Sushma Scored With Words, Sonia With Her Silence - The New Indian Express

Sushma Scored With Words, Sonia With Her Silence

Published: 23rd February 2014 07:03 AM

Last Updated: 23rd February 2014 12:05 PM

It is an interesting mix of contrasts and overlap. The true character of the 15th Lok Sabha, which was among the worst performing in history, if judged along certain parameters, is not entirely reflected in their parliamentary performance and behaviour.

Sonia Gandhi, as Congress president and UPA leader, occupied the front row of the treasury benches along with PM Manmohan Singh. Across her sat BJP stalwart and Leader of Opposition Sushma Swaraj. A comparison of the two top women politicians reveals some salient and not-so-obvious facts about an extremely raucous House that got a sedate burial on Friday.

First, the basic stats: Sushma Swaraj logged in with a very impressive 94 per cent attendance. Sonia Gandhi trails far behind at 47 per cent, but part of that can be attributed to the bigger organisational role she had to play in politics as the leader of UPA, and part to health reasons. (These were the years when she suffered from an undisclosed ailment, travelling abroad for treatment). But her record, otherwise, did not any way show that she was leading from the front.

A more revealing statistic is the two politicians’ performance on the one thing Parliament asks its members to do. The word derives from a French root meaning ‘to speak’ and it’s naturally expected that leaders articulate their opinions and participate in consensus-building. The contrast is stark. Sonia spoke four times. Sushma was far ahead.

Sushma is a naturally forceful and resourceful speaker. Sonia is more taciturn, and somewhat hamstrung language-wise. So she found it expedient to adopt the air of a senior matriarch who lets others do the everyday chores, taking the floor only on very key issues or on more ceremonial occasions.

Her most dramatic absence was, of course, during the Food Bill voting, where she took ill in the House. That was one of her pet legislations, and one of her four speeches had come earlier in the day.

Sushma, on the other hand, as the LoP, gets her chance by protocol and maximised it. The numbers speak of a feisty parliamentary warrior, leading from the front.

She took part in 135 debates and also got in on 31 special mentions. Besides, she asked 43 questions, engaged in discussion on eight bills and one private member bill.

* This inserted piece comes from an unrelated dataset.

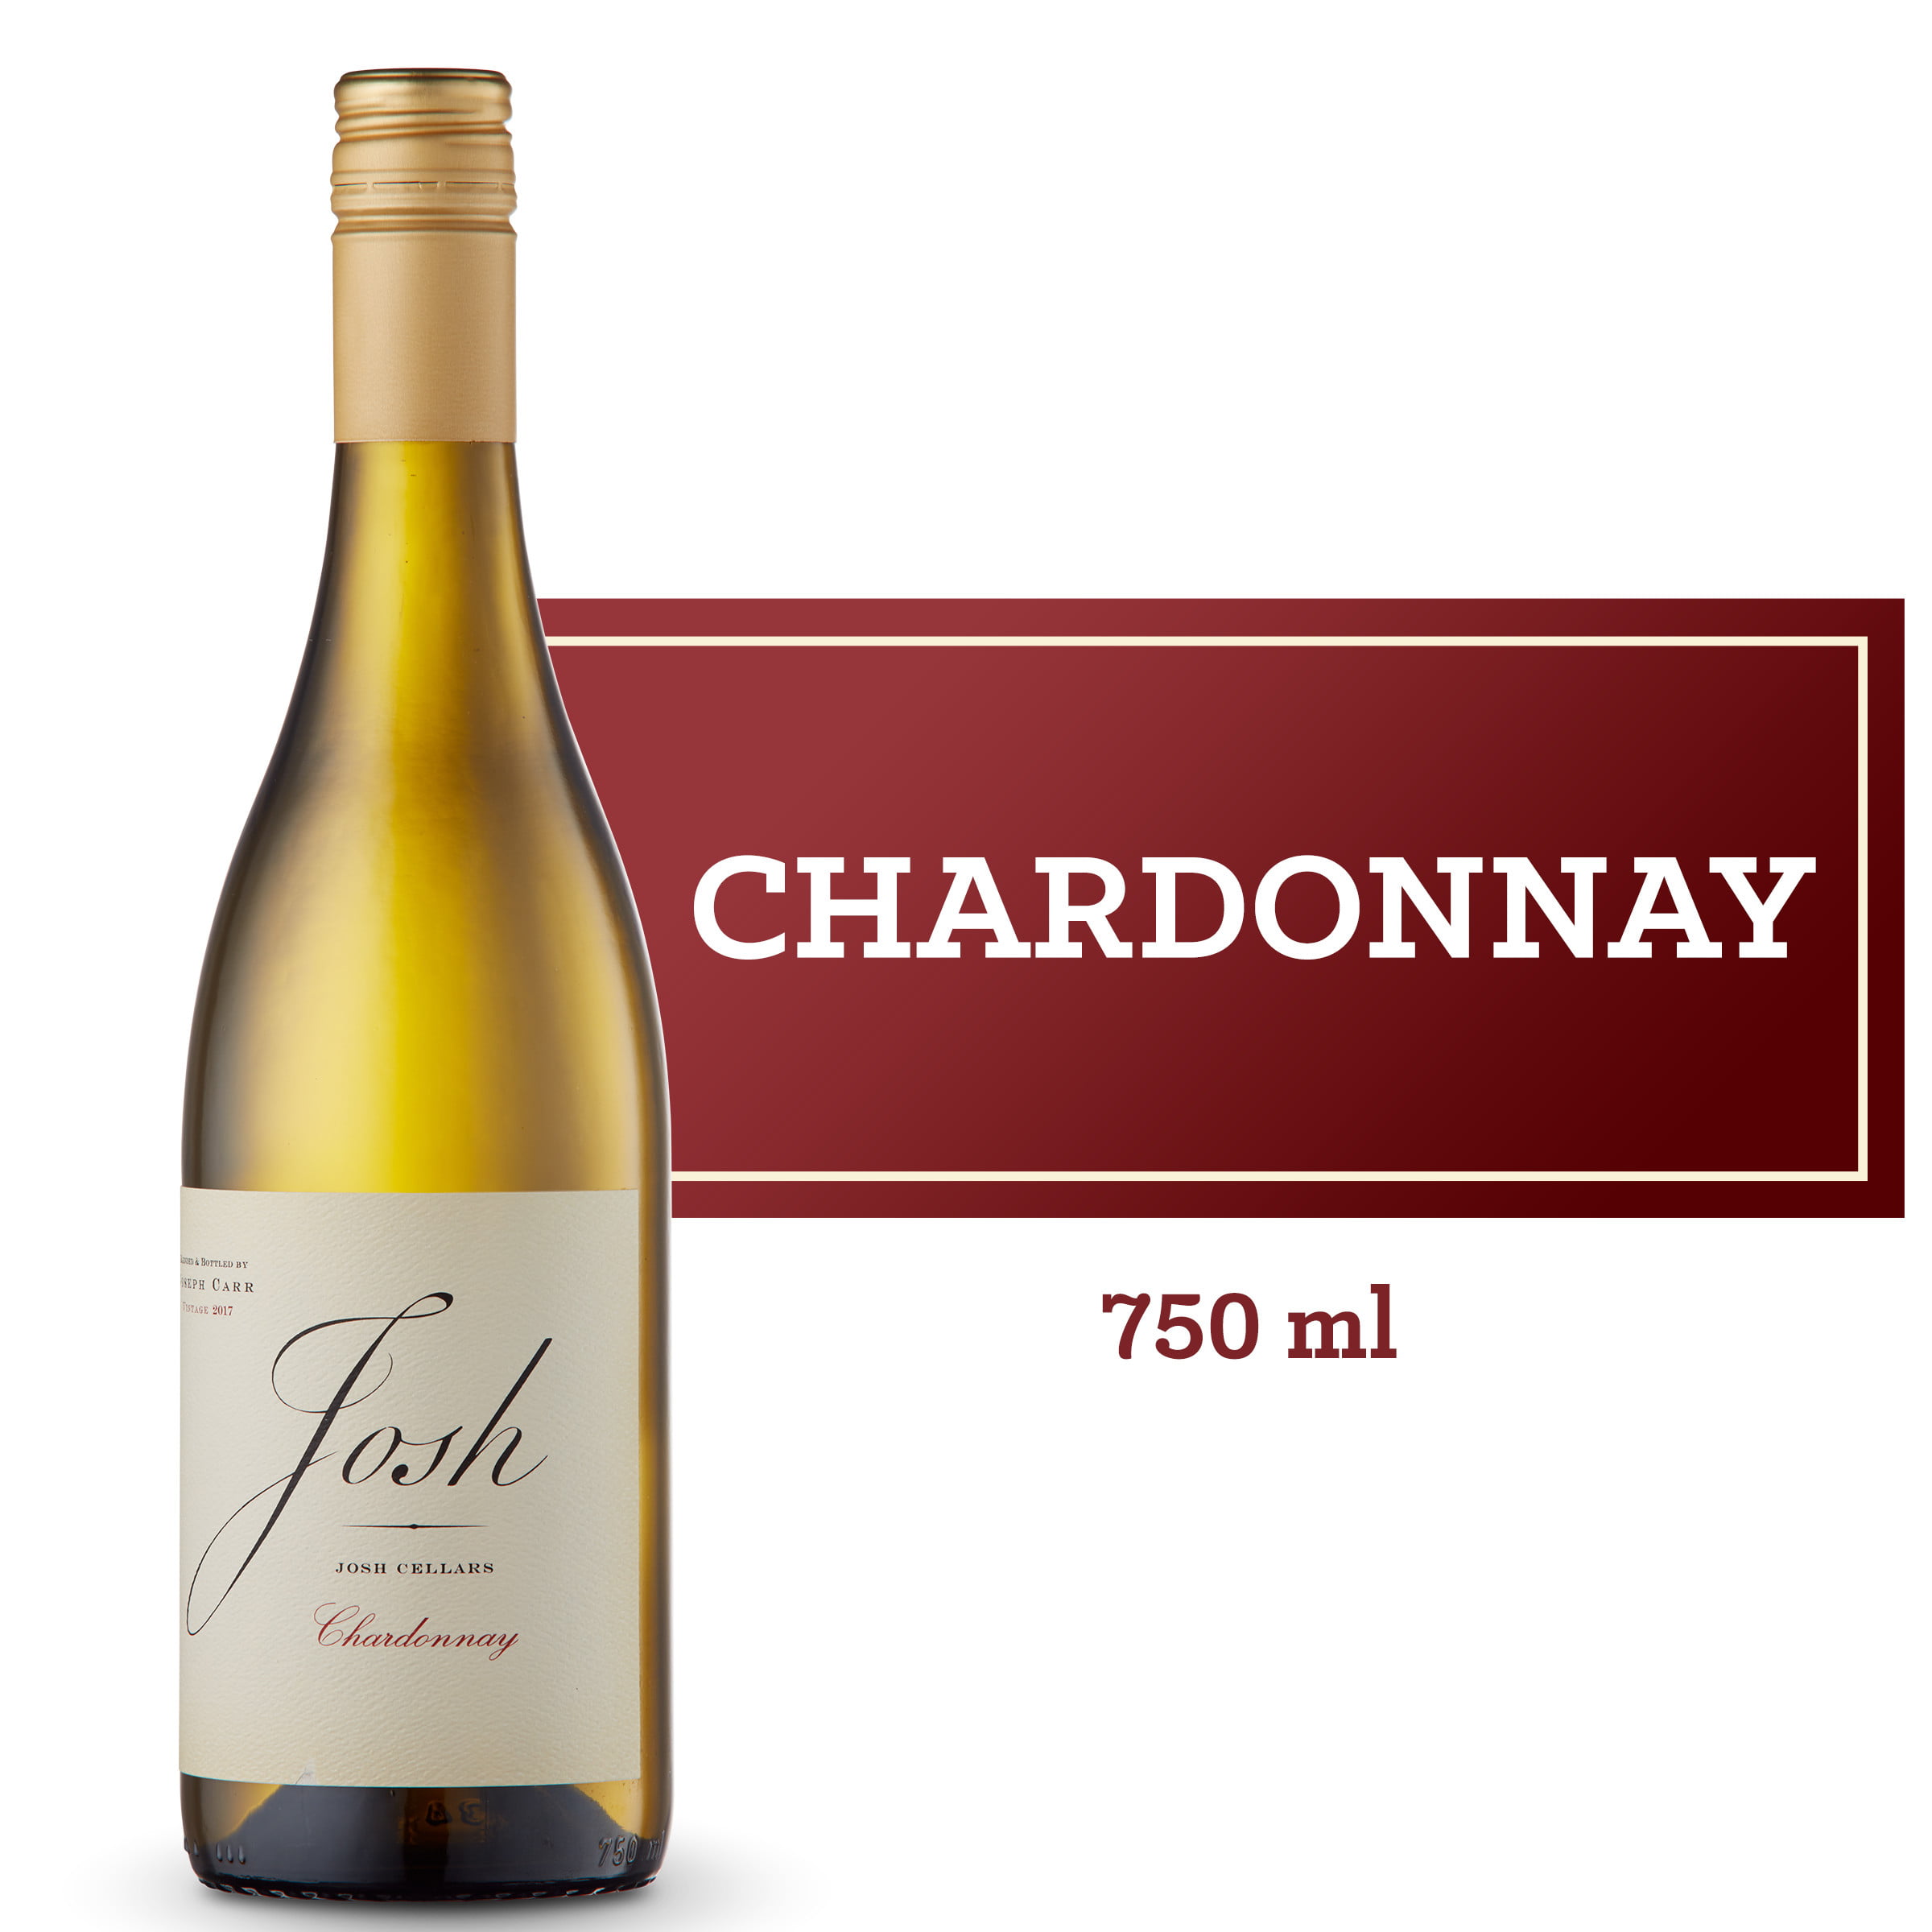 josh-cellars-chardonnay-wine-750ml-walmart

One of Sushma’s best moments was her March 6, 2013, speech during the motion of thanks to the President’s address.

Two years ago, during a debate on the Wikileaks cable issue on March 24, 2011, she had a sparring match in Urdu verse with the PM, where the reticent but Urdu-literate PM responded to her “kaafila kyon luta” couplet with a well-chosen Iqbal plucked out of the blue.

That this was one of the high points of the 15th Lok Sabha was proved on the last day when Speaker Meira Kumar, the third prominent woman in the House besides Sonia and Sushma, expressly desired to see a repeat match in shayari between Sushma and Manmohan. That it did not happen was one of Sushma’s rare “silences”. Or as Samajwadi Party chief Mulayam Singh would have us believe the “changing political equations’’.

But this Lok Sabha was the worst in terms of disruptions, pandemonium sadly described it more than any stray show of eloquence. Here, both Sonia and Sushma have to take equal blame.

If the government’s policies and numerous reports on scams left more than enough room for dissent, BJP made non-cooperation and noisy filibustering the cornerstone of their floor strategy. Things touched a nadir with the washout of the second half of the Budget session on May 7, 2013, when the BJP announced it would not let any bill pass. But there were also moments when they walked jointly.

Cooperation was noticeable on the Food Bill when, despite acute differences, Sushma took the initiative to help get the legislation passed. This was the occasion when Sonia walked up to Sushma in the Central Hall of Parliament, and later Sushma even hugged Sonia.



Manmohan Singh, PM: The PM sat looking inscrutable, saying little except "My heart bleeds" when  T-MPs created unparliamentary furore in the House.


Rahul Gandhi: Participated in just two Lok Sabha debates, asked no questions and brought in no private member Bills. His attendance was just 42 per cent.


T R Baalu (DMK): Became the voice of DMK in Lok Sabha as the leader of DMK Parliamentary Party. Always tried his best to raise the issues of Tamil Nadu.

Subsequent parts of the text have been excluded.